**Excerpted data**

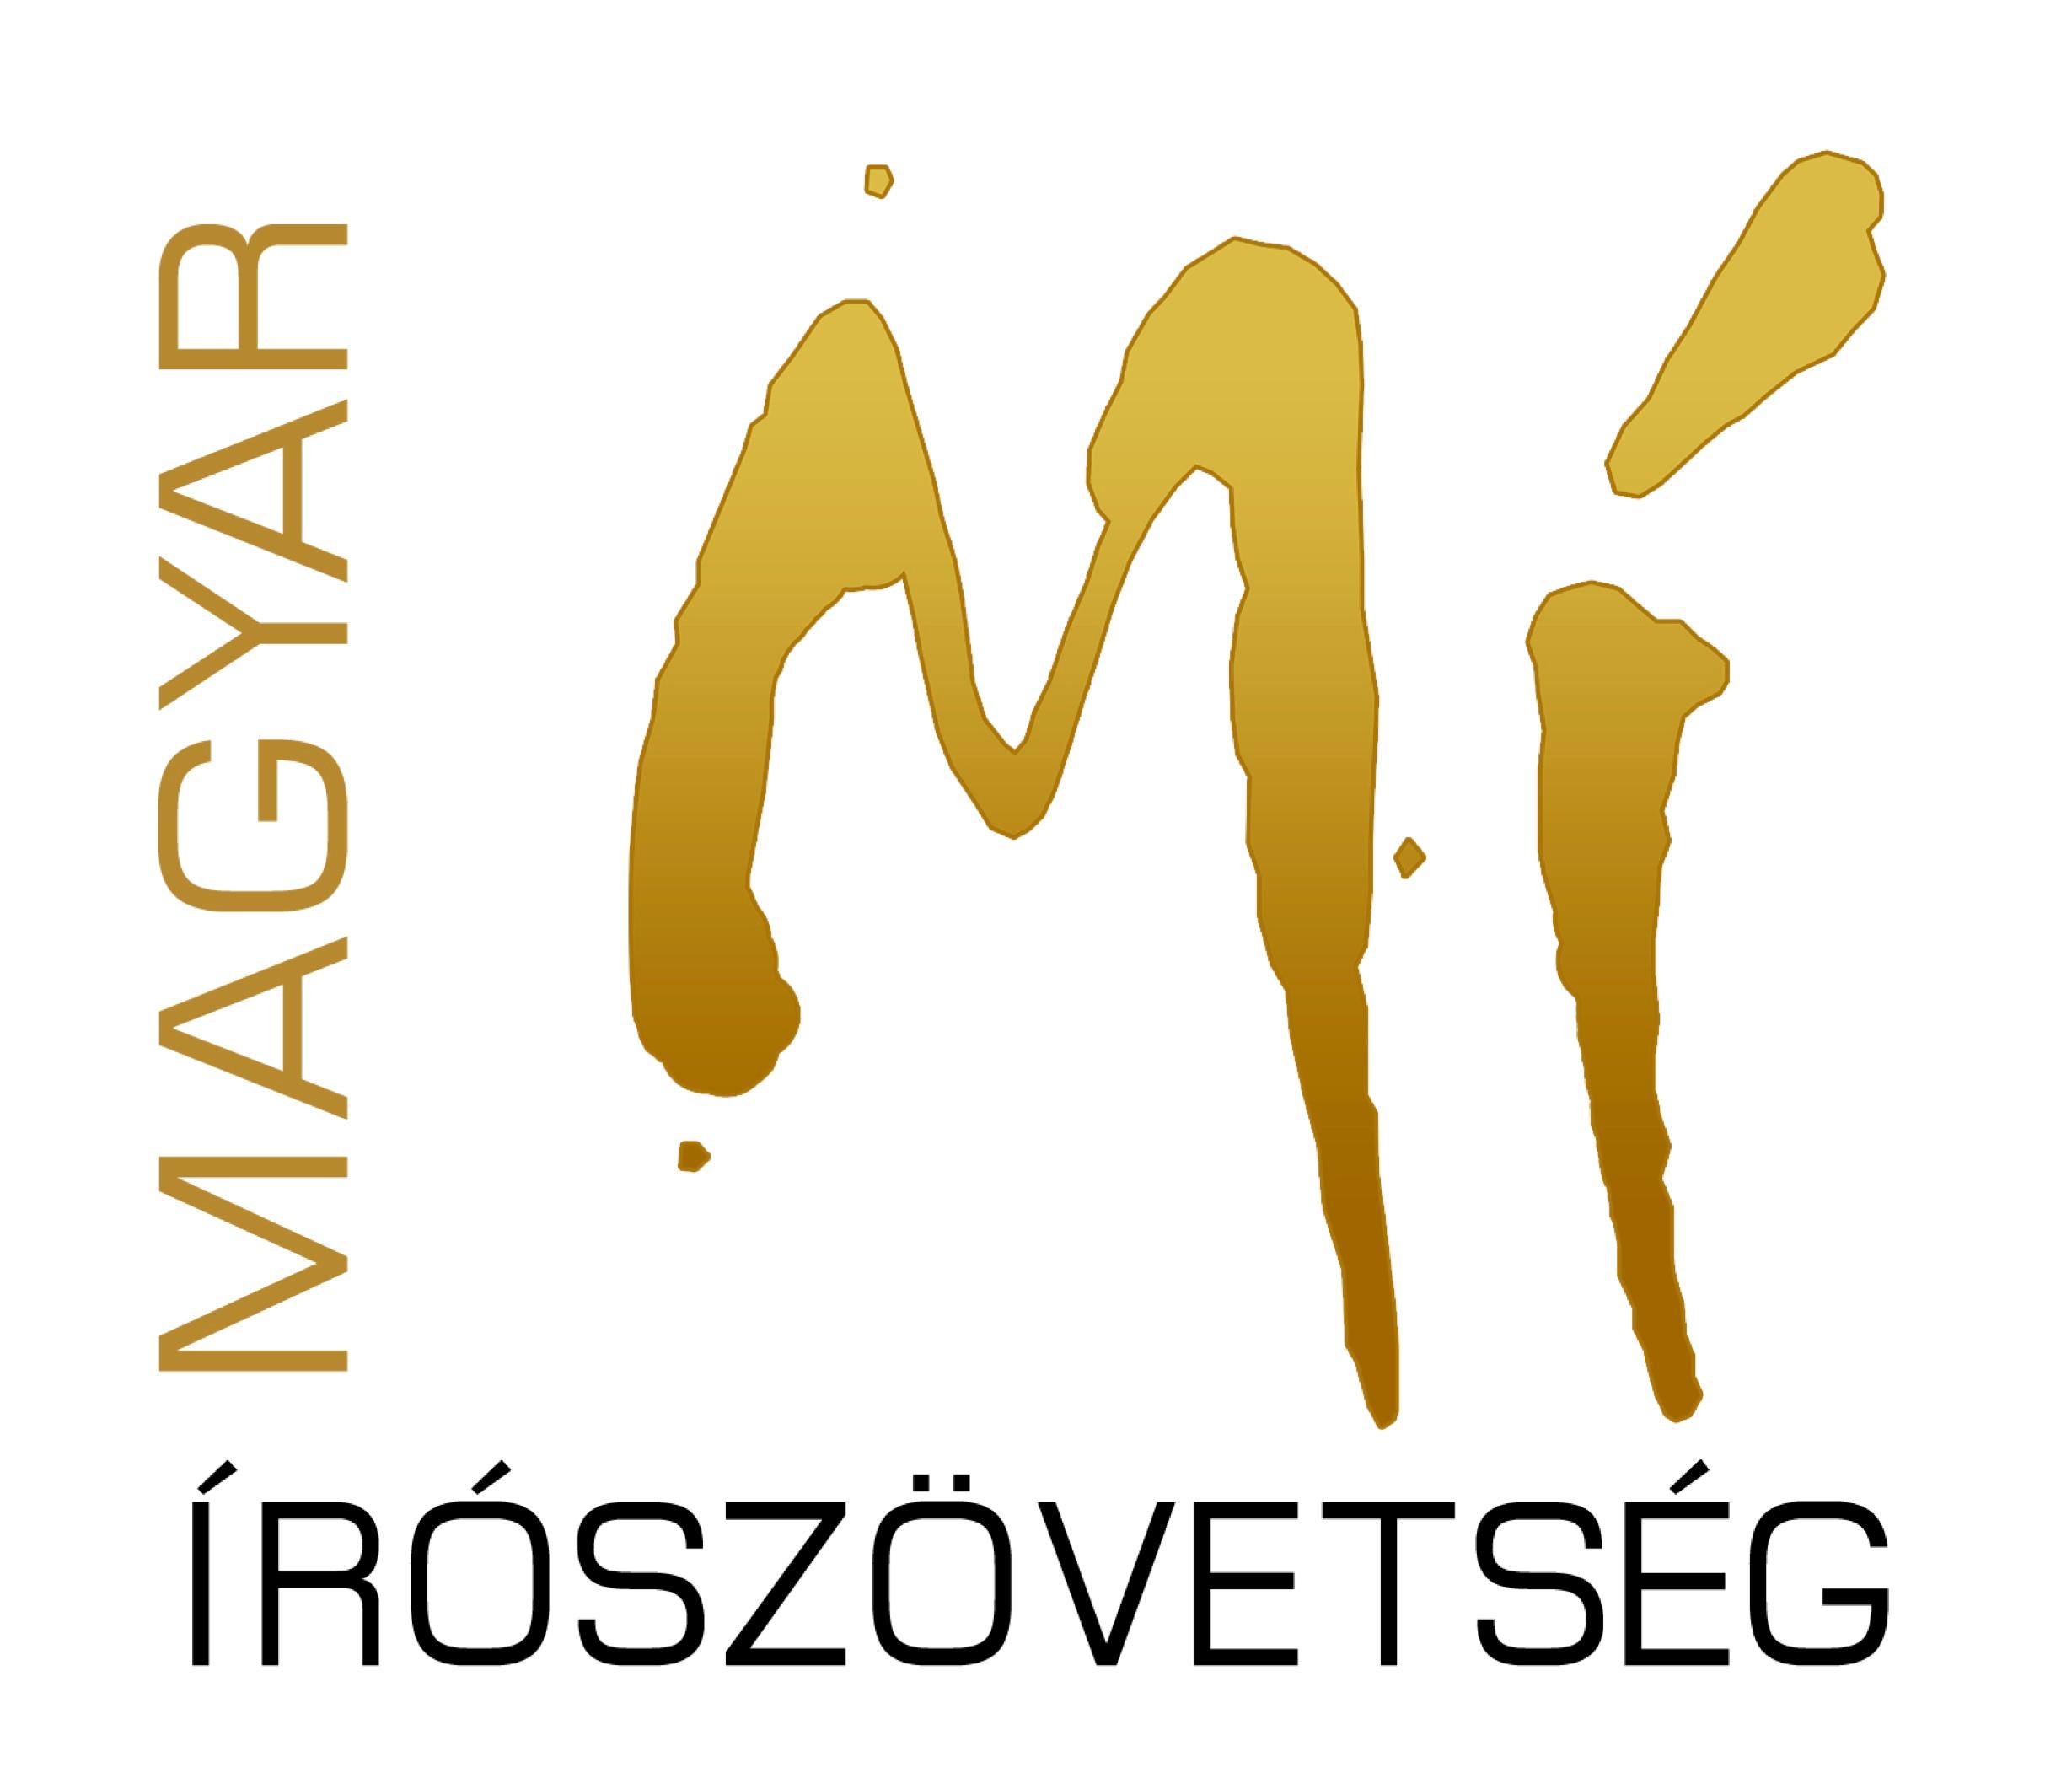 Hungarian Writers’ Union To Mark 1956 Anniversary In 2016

==

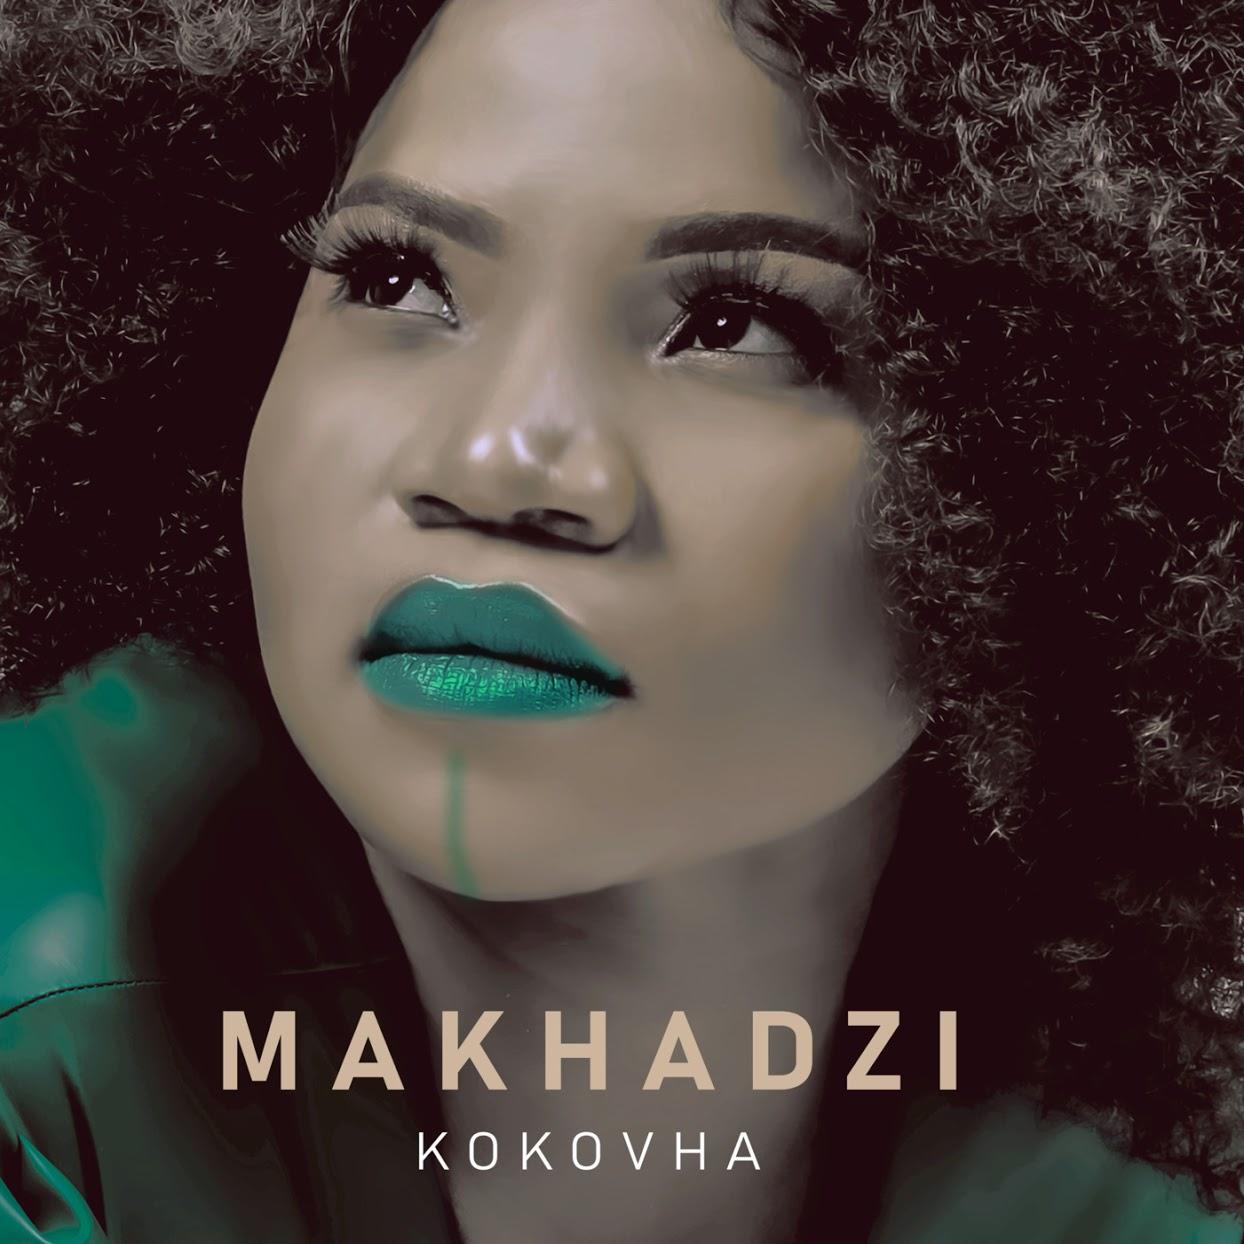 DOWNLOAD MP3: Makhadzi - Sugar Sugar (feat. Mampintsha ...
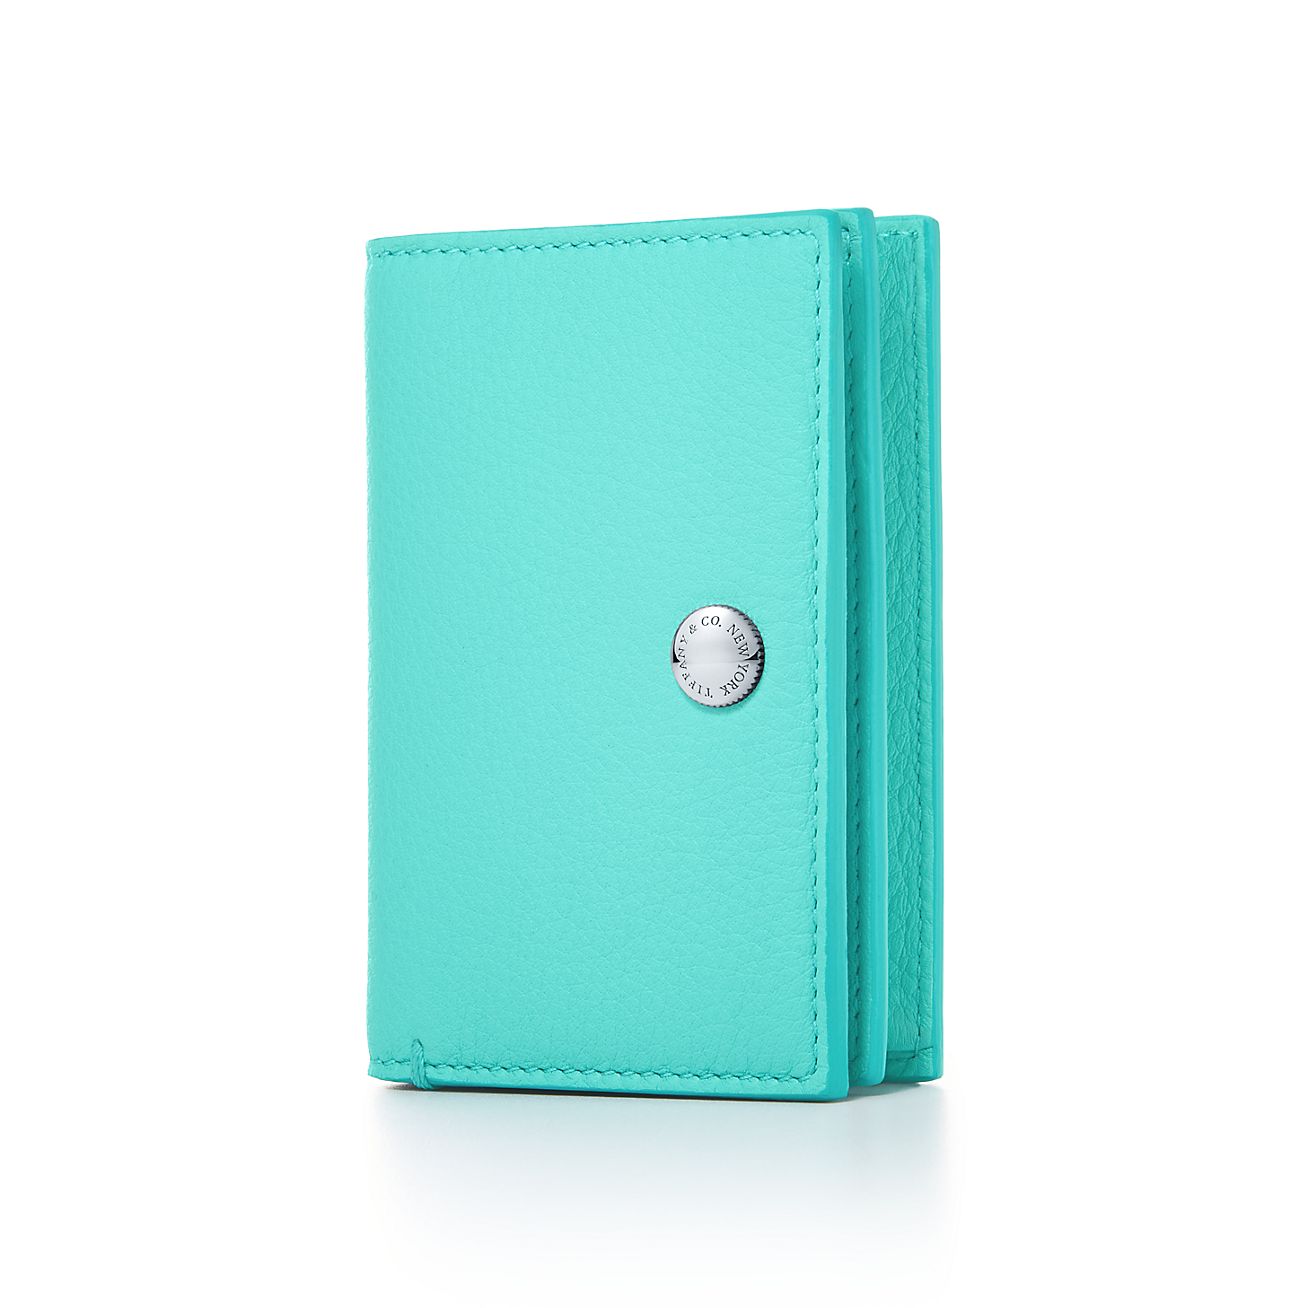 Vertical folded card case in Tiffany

--

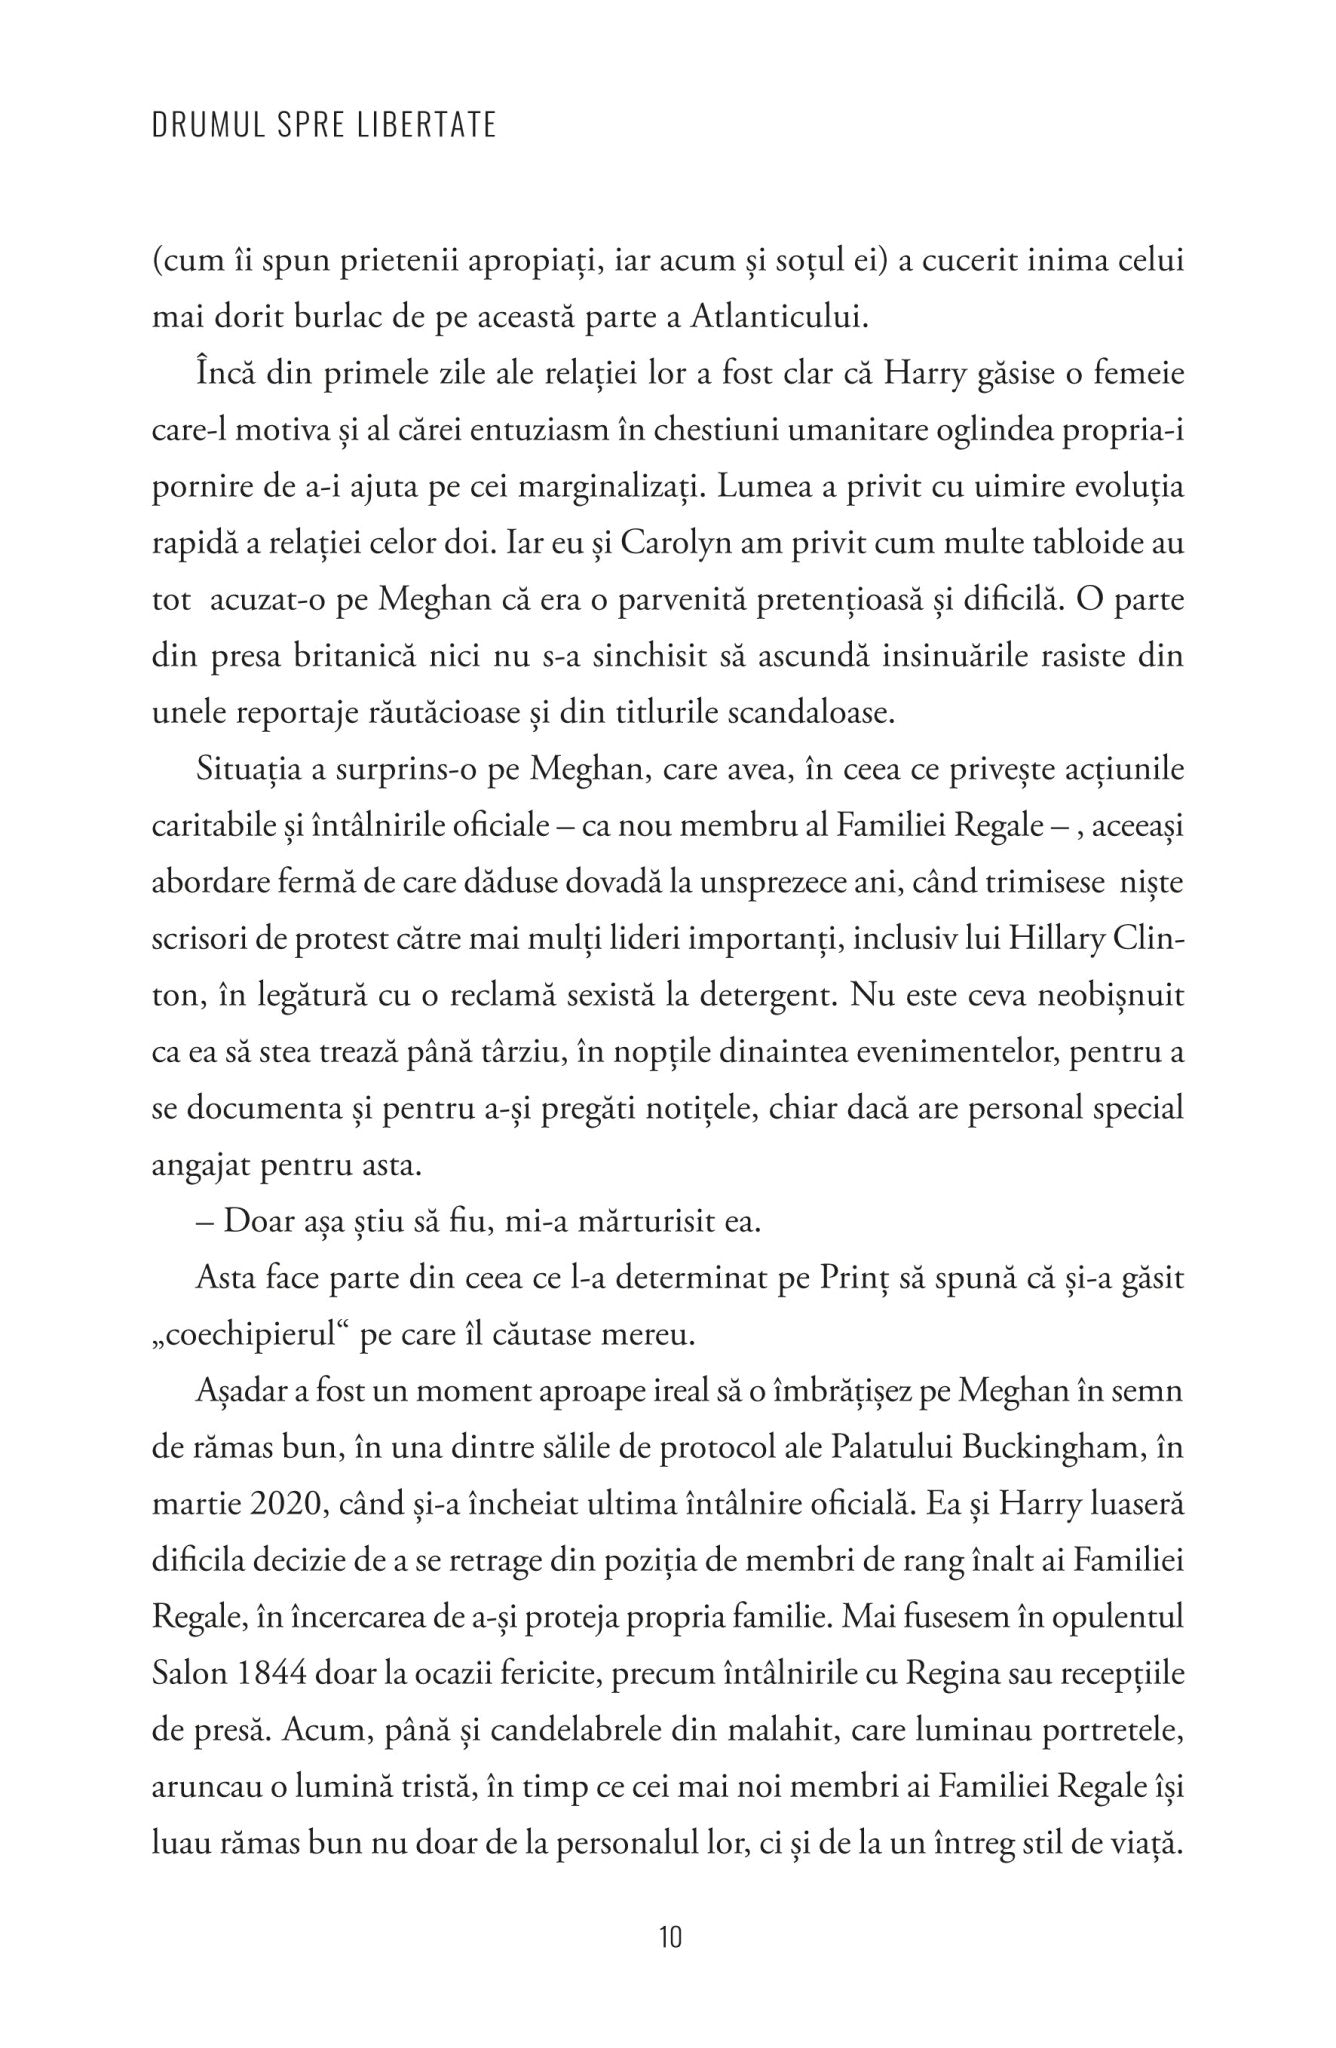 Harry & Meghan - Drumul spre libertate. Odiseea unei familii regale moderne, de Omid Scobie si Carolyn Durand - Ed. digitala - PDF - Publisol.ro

**Task to carry out**
Treat the line with "DOWNLOAD MP3: Makhadzi" as the start and the line with "Vertical folded card case in Tiffany" as the end, and return exactly that span of the data above, both ends included, without pictures.

**Answer**
 DOWNLOAD MP3: Makhadzi - Sugar Sugar (feat. Mampintsha ...
 Vertical folded card case in Tiffany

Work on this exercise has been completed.